Yes, it’s almost time again for the Whole Life Challenge — are you up for joining?

A lot of people focus on food and fitness when it comes to the challenge – thinking, I don’t want to cut things out of my diet or I don’t have time to exercise. Instead of discussing those points, I’m going to move right along and ask — what do you want better in your life?

Here are the top 3 things I want:

1. More time

2. More energy

3. More laughter

Would you believe it if I told you that I was able to achieve those 3 things through the Whole Life Challenge (WLC)? It’s true.

Although the WLC does focus on food and fitness (you get daily points for following your level of nutritional guidelines and for doing 10 minutes of exercise + 10 minutes of stretching/day), it also focuses on healthy habits for you to develop in all areas of your life. The most rewarding part of the challenge for me has been that I have been able to maintain most of these lifestyle changes even after the challenge has been over. Very rarely does a non-WLC compliant food go into my shopping cart.

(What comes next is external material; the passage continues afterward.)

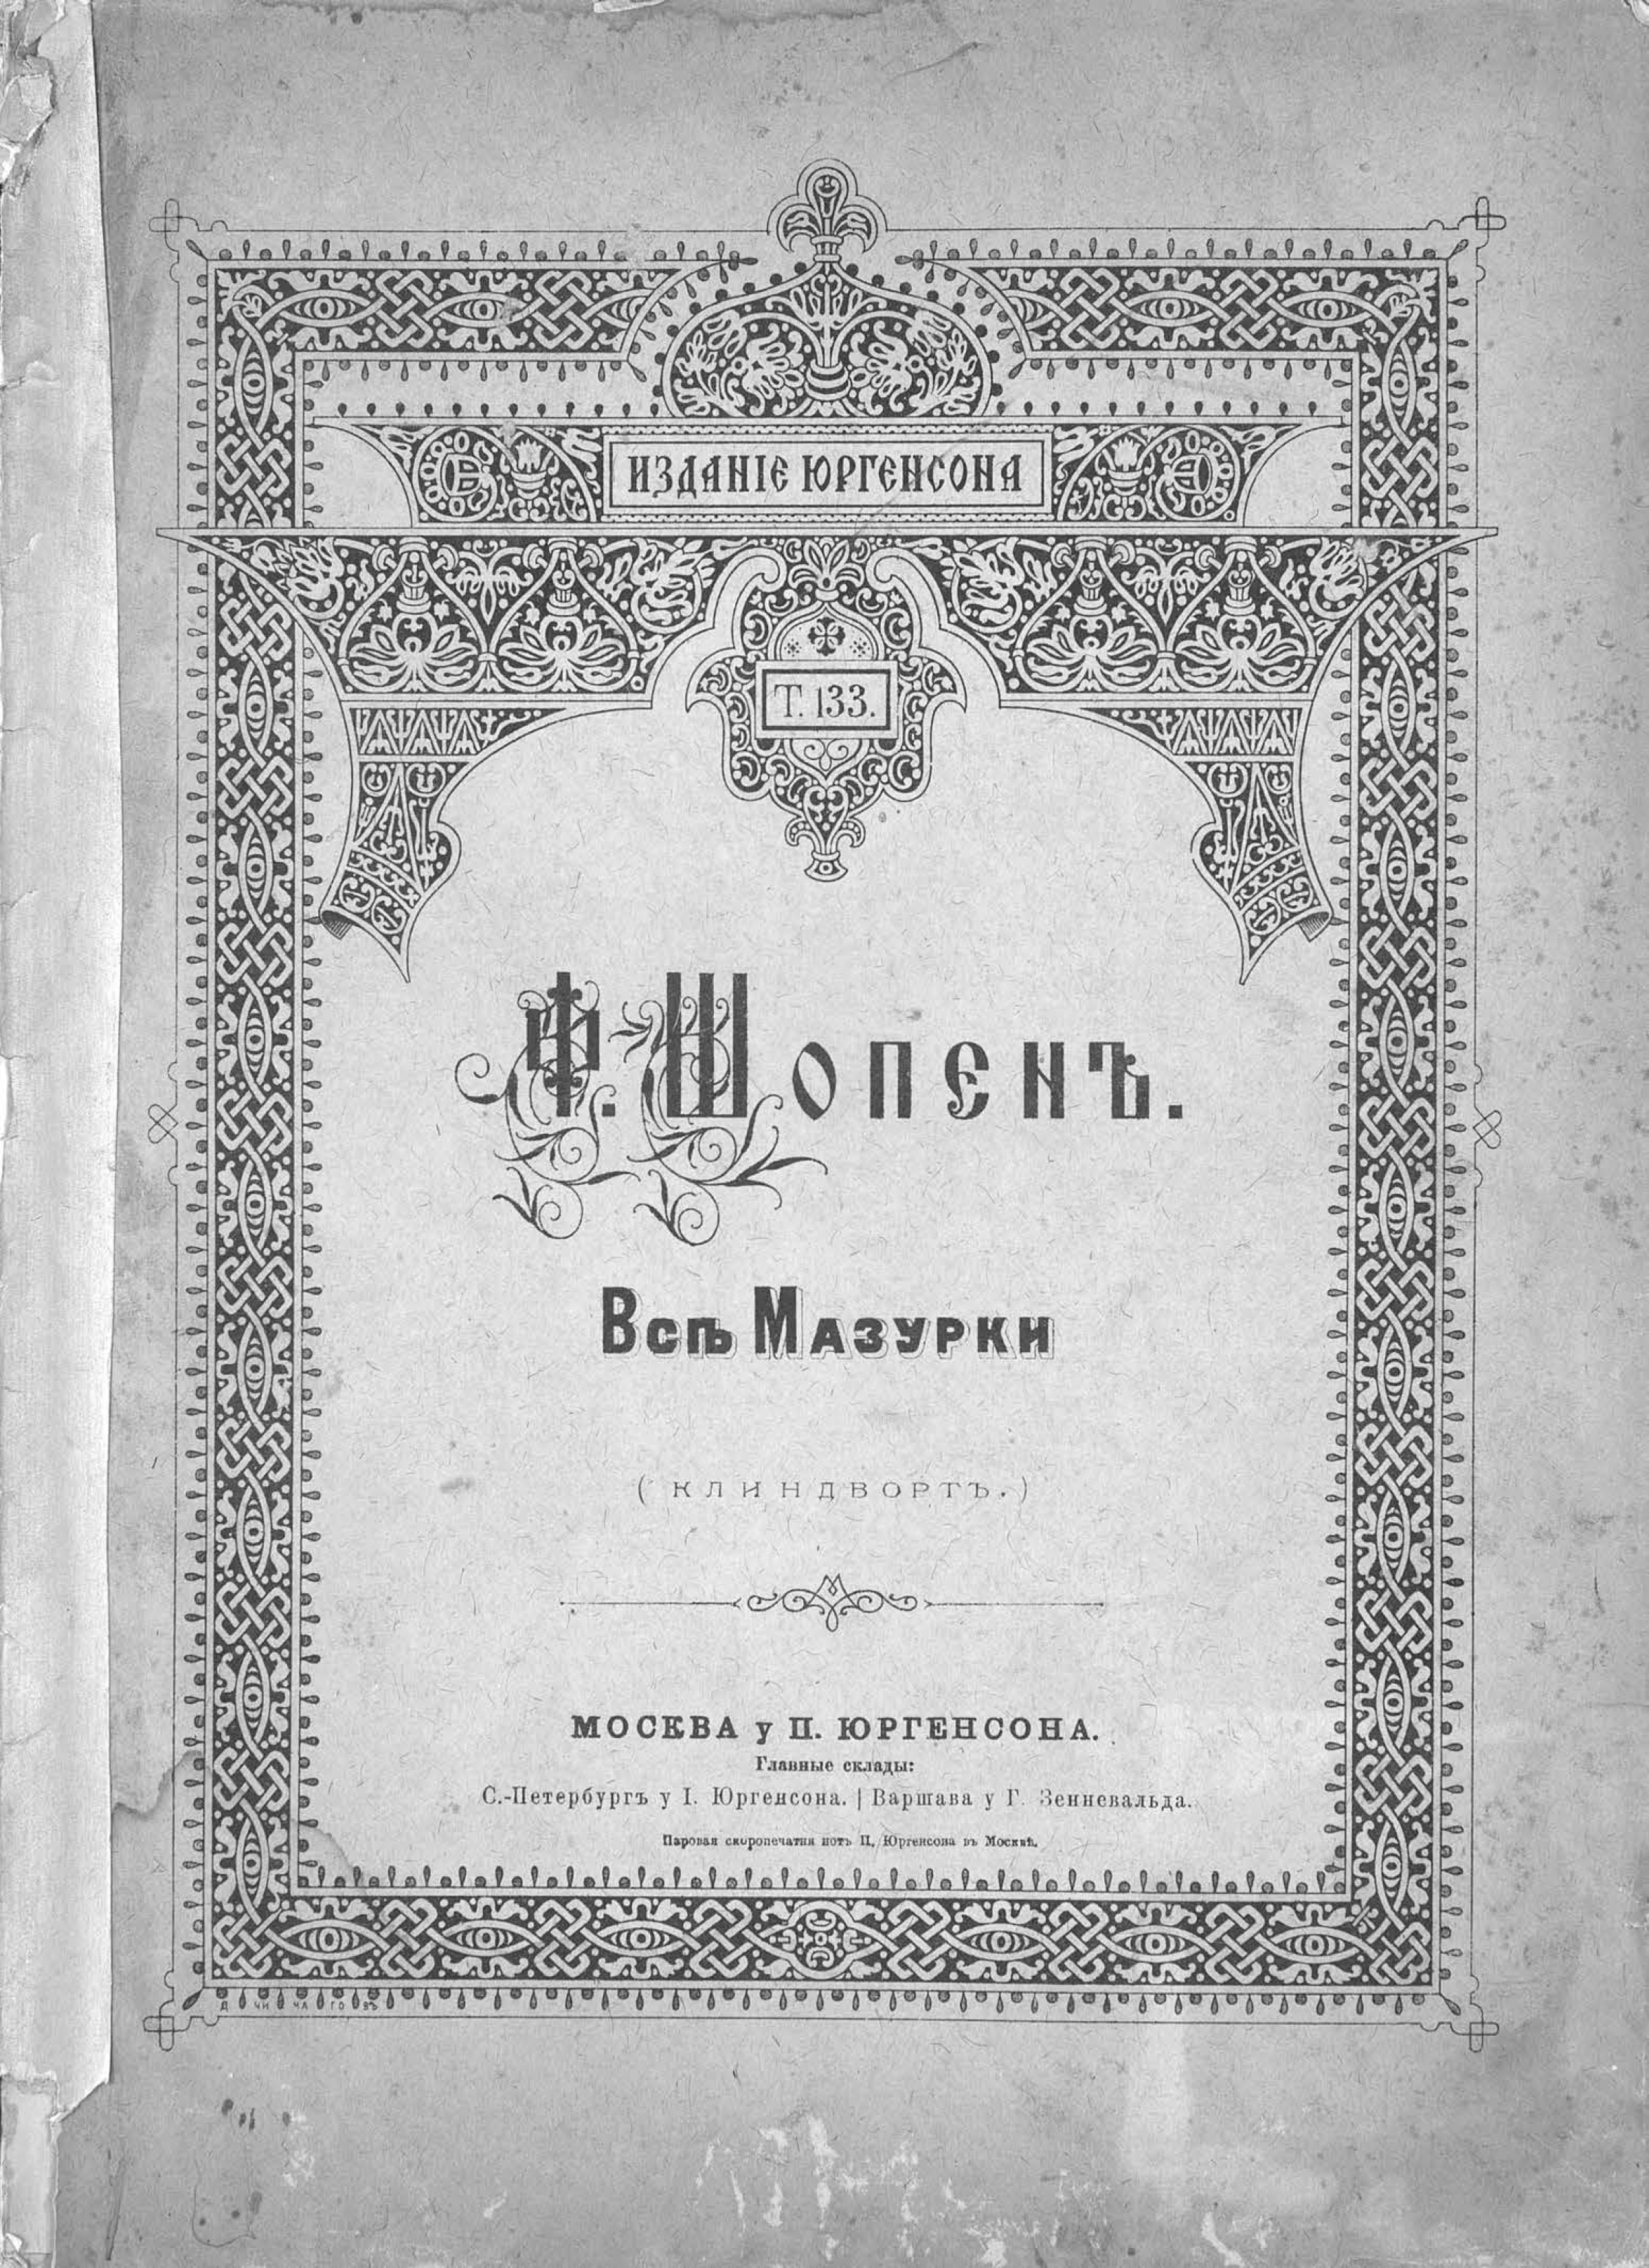 Фредерик Шопен Все мазурки ф шопен ф шопен мазурки для фортепиано

So how was I able to achieve my top 3 things?

1. More time — I first had to commit time to make time. 

Starting with food, I had to figure out what I could/wanted to eat, what I had to buy to prepare those foods, and then cook them. This was the part that took the longest, but once I came up with my grocery list and basic menu, I found that I had to spend a lot less time grocery shopping and figuring out what to eat. Food prep definitely still takes time, but I now have a Sunday routine during which I prep for most of the week. This can be tedious at times, but once the week rolls around, I’m always grateful that 2-3 hours of prep on a Sunday has saved me 7-8 hours during the week.

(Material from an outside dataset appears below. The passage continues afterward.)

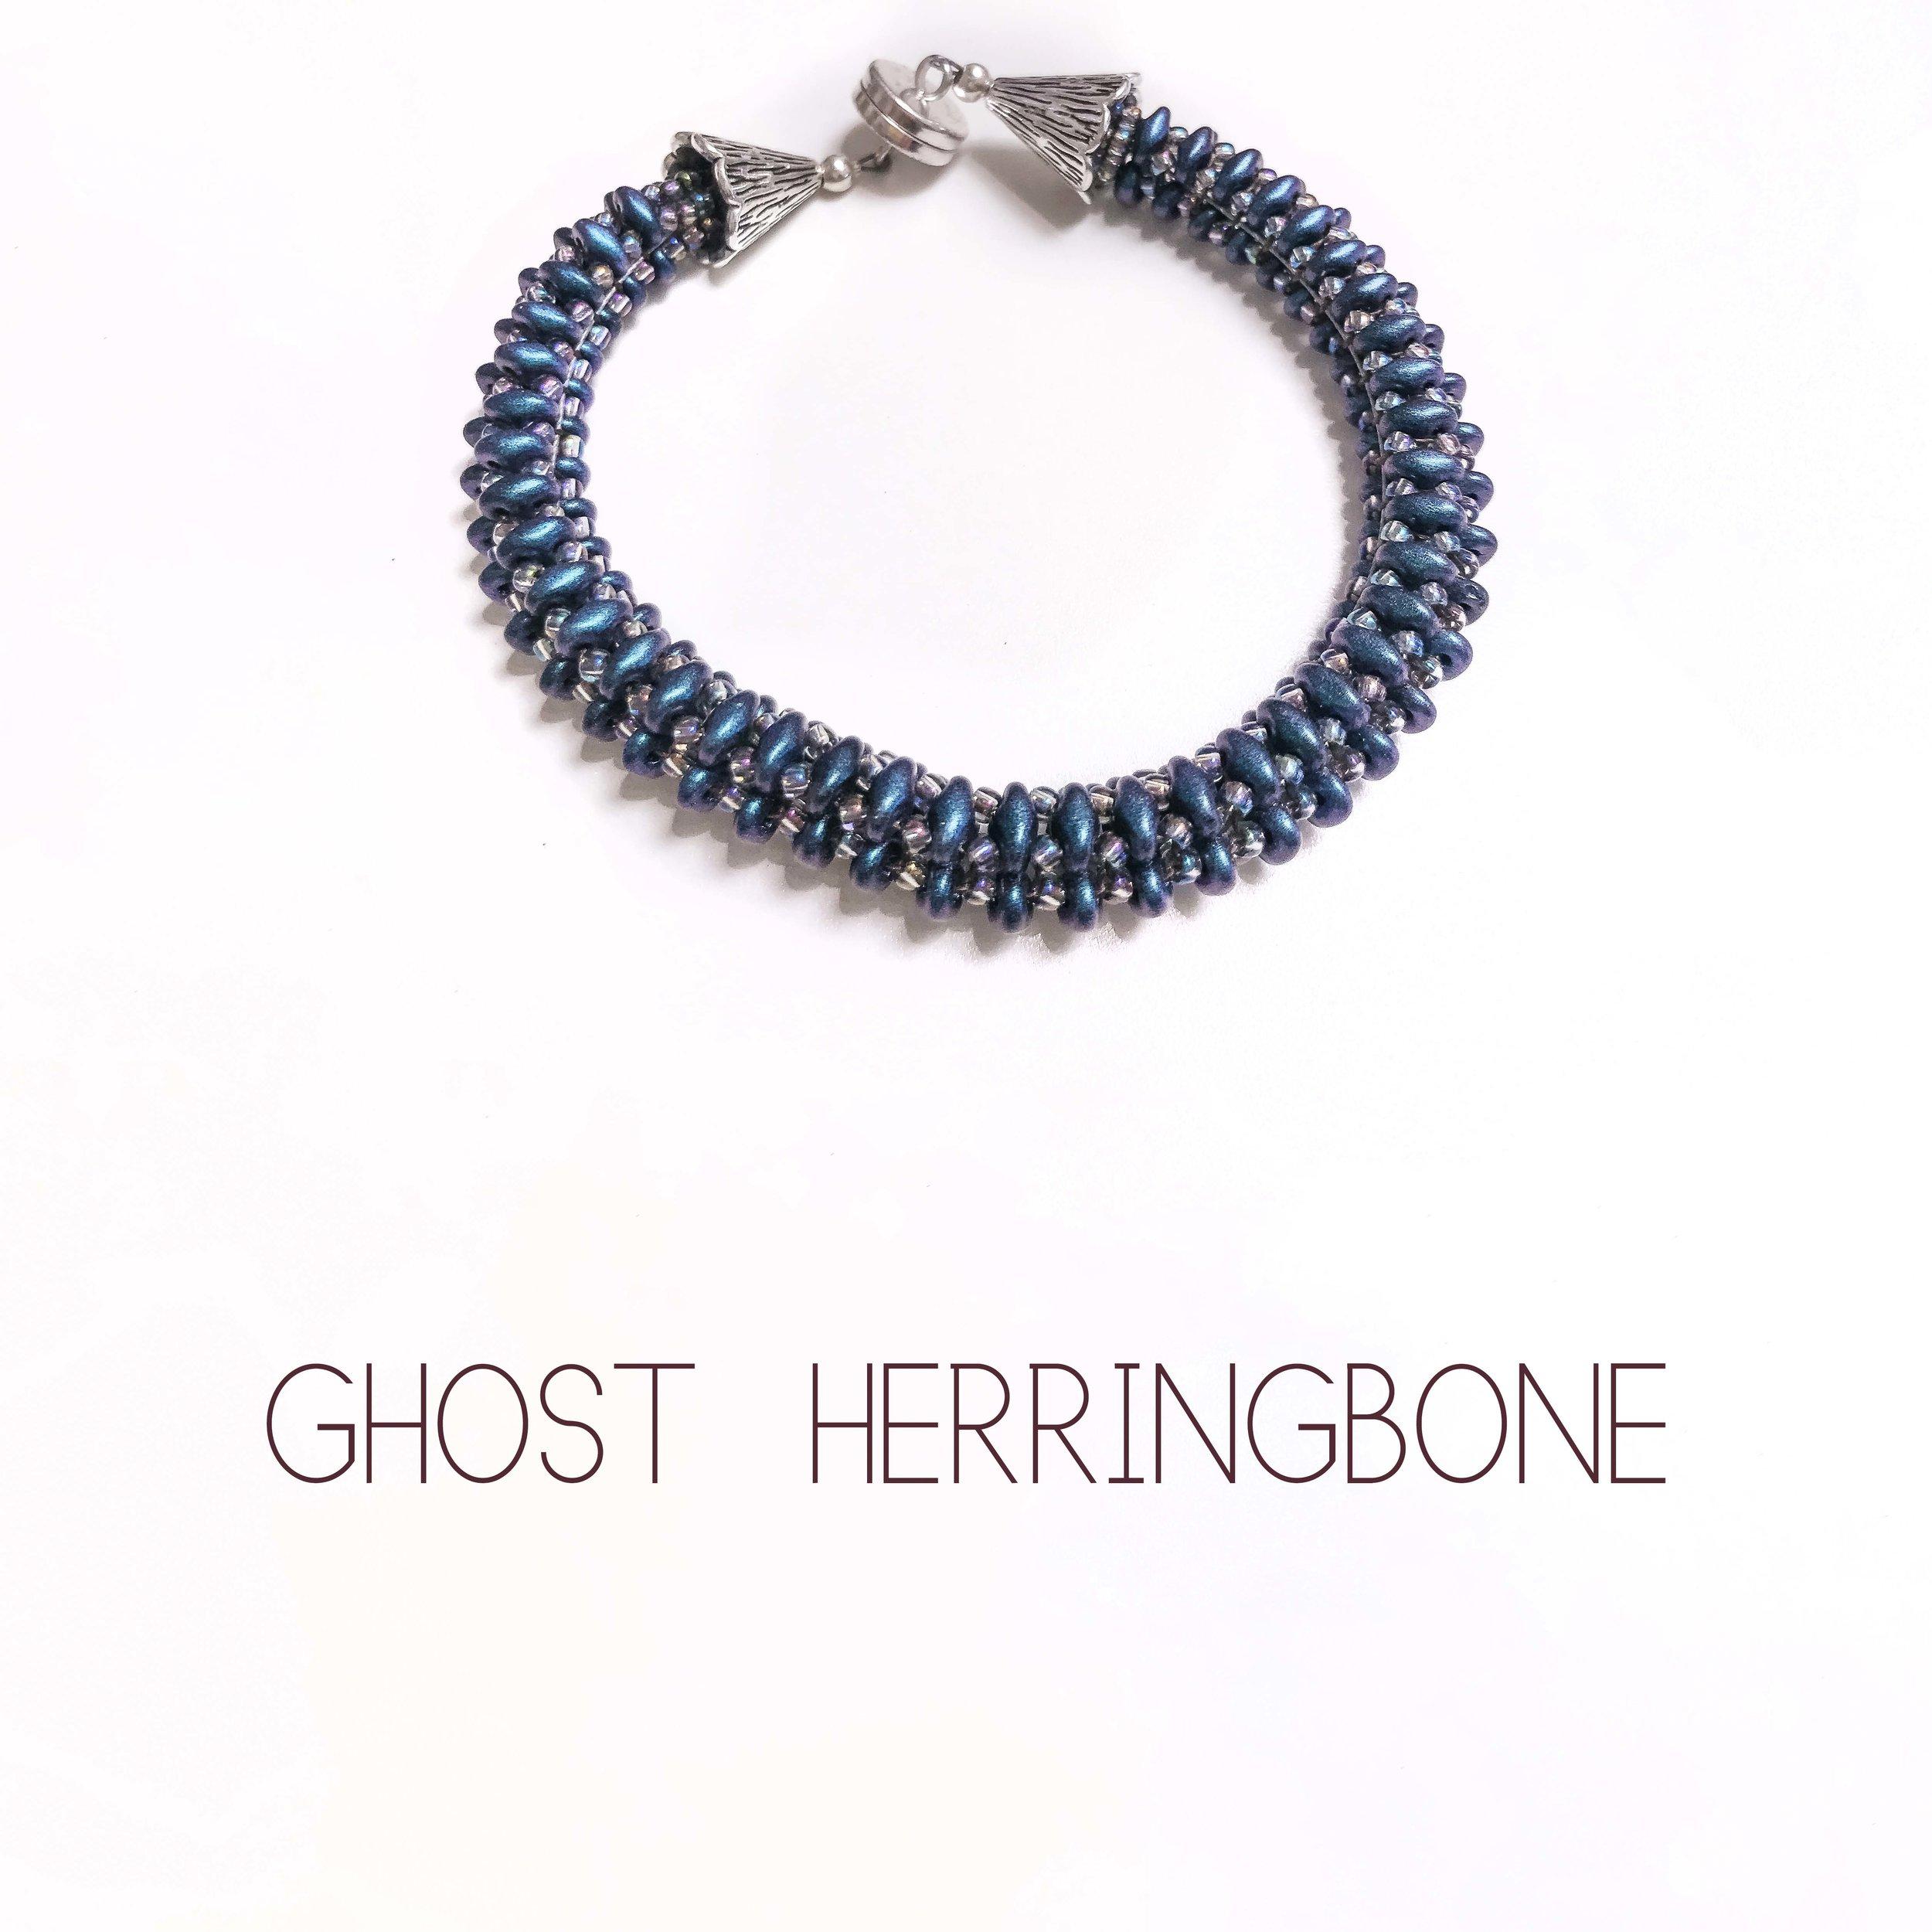 ghostherringbone.jpg

In terms of exercise, I learned how to be more efficient with my workouts. Instead of long cardio sessions, I shortened my workouts to include a thorough warm-up, a good weight training session, some HIIT cardio, and some deep, relaxing stretching at the end. By being smart about my workouts, I shortened the time I spent at the gym without shortening the effectiveness and benefits of those workouts.

2. More energy — I learned how to use my energy efficiently.

Being efficient with my exercise and fueling my body correctly with food — plus hydrating properly and getting enough sleep (also components of the WLC) — led to great results in my energy levels. Sure at first the withdrawal symptoms from sugar were a bit of a drag, but I knew that I just had to stick to it and the cravings would pass.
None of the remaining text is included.